Dive Brief:
- Sprouts Farmers Market’s philanthropic arm is awarding $1.6 million in grants to nonprofits dedicated to distributing emergency food supplies to people impacted by the pandemic, according to a press release.
- The Sprouts Healthy Communities Foundation will give 120 grants to organizations based in the 23 states where Sprouts runs supermarkets.
- Like other grocers, Sprouts had traditionally helped people face food insecurity and provide nutrition education in areas it serves, but the pandemic has spurred the grocer to redouble its efforts to directly fight hunger.
Dive Insight:
While Sprouts’ philanthropic foundation has traditionally focused on supporting community organizations' efforts to educate children and promote access to fresh food, rising food insecurity driven by the coronavirus pandemic has spurred the philanthropic team to step up its efforts to directly fight hunger, said Lyndsey Waugh, executive director of the foundation.
“All of a sudden there was this strong desire and need for people to have access to food in the moment, right there in their communities,” Waugh said in an interview.
With groups it funds, like school and community gardens, rapidly changing course to provide emergency food supplies to people, Sprouts decided to modify its rules to help grant recipients accelerate their food-distribution efforts, according to Waugh. The fact that social distancing requirements sidelined in-person educational events underscored the need for the changes.

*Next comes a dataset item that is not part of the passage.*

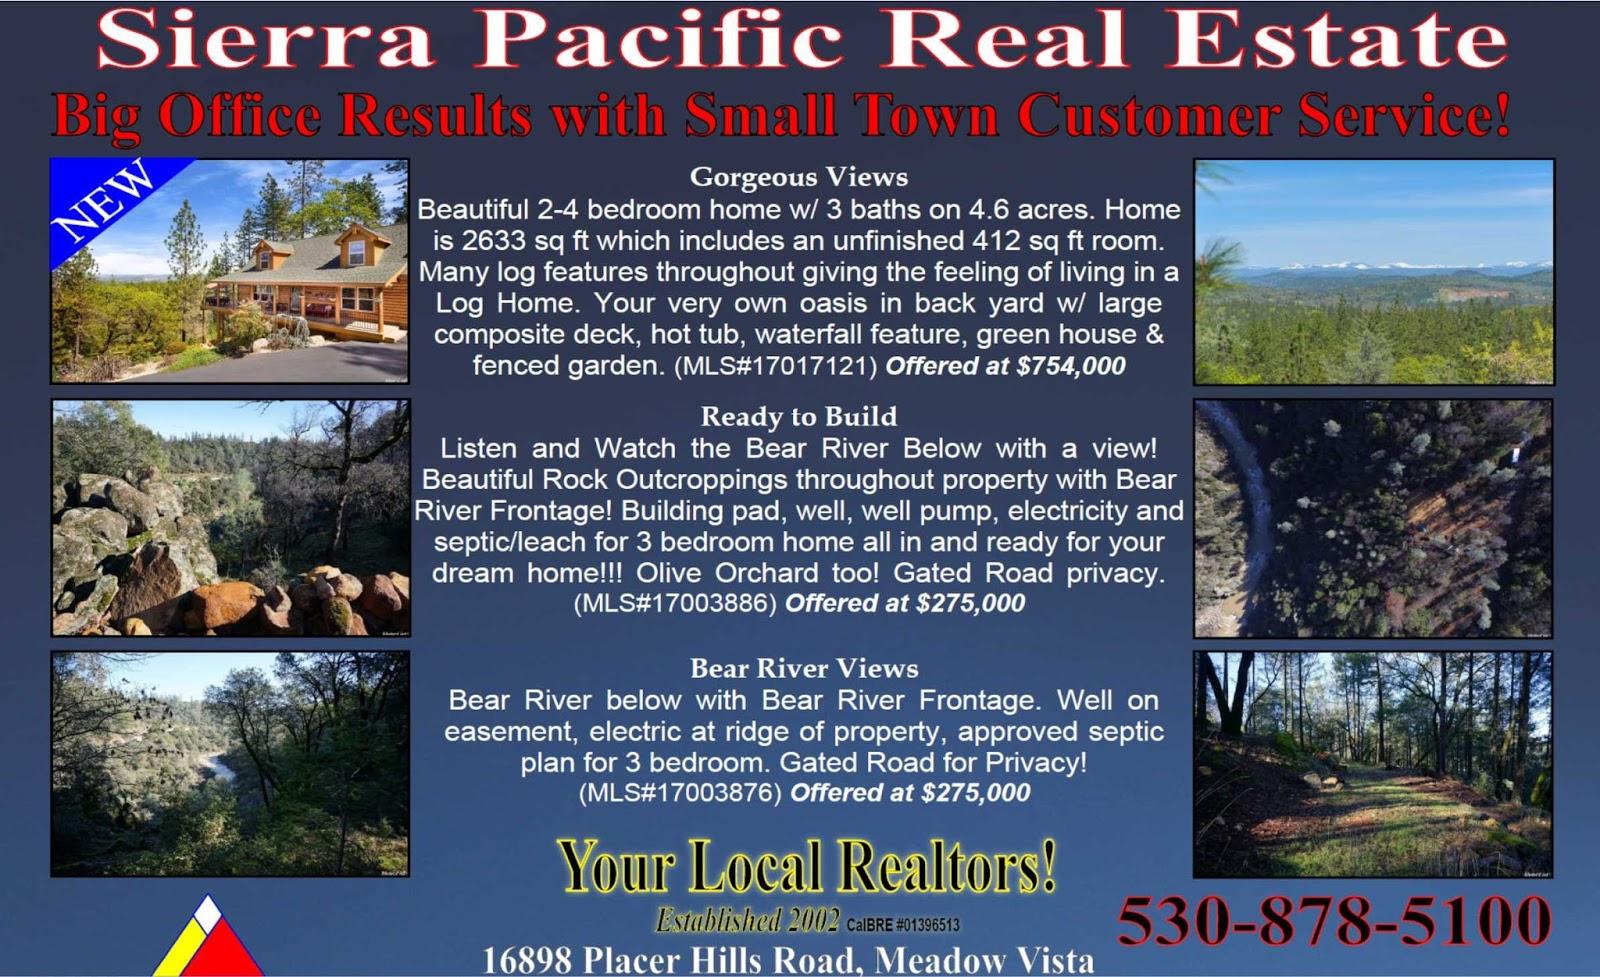 Meadow Vista View Magazine: Meadow Vista Friendly Neighbors News

“We knew that as the world was going virtual, our partners were going to need flexibility with the grant funding that we had put out to support their programs,” Waugh said. “So we immediately released all of the restrictions on dollars that we had put out into the community and said, 'Use those dollars to do what's most urgent in this moment right now to serve your community.'”
For example, the Jones Valley Teaching Farm in Birmingham, Alabama, used funds from Sprouts to help turn its teaching farms into production farms, a shift that enabled the organization to give out more than 15,000 pounds of fresh vegetables since April, according to the press release.
In addition to directly funding the activities of organizations to which it provides grants, Sprouts is helping these groups hire people with expertise that can help them improve their operations, Waugh said.
“We've been really focused on having it be more than just writing a check, but [on] how do we become a partner with the organizations that we're working with, so that we can really strengthen the work that they're doing at the community level,” she said.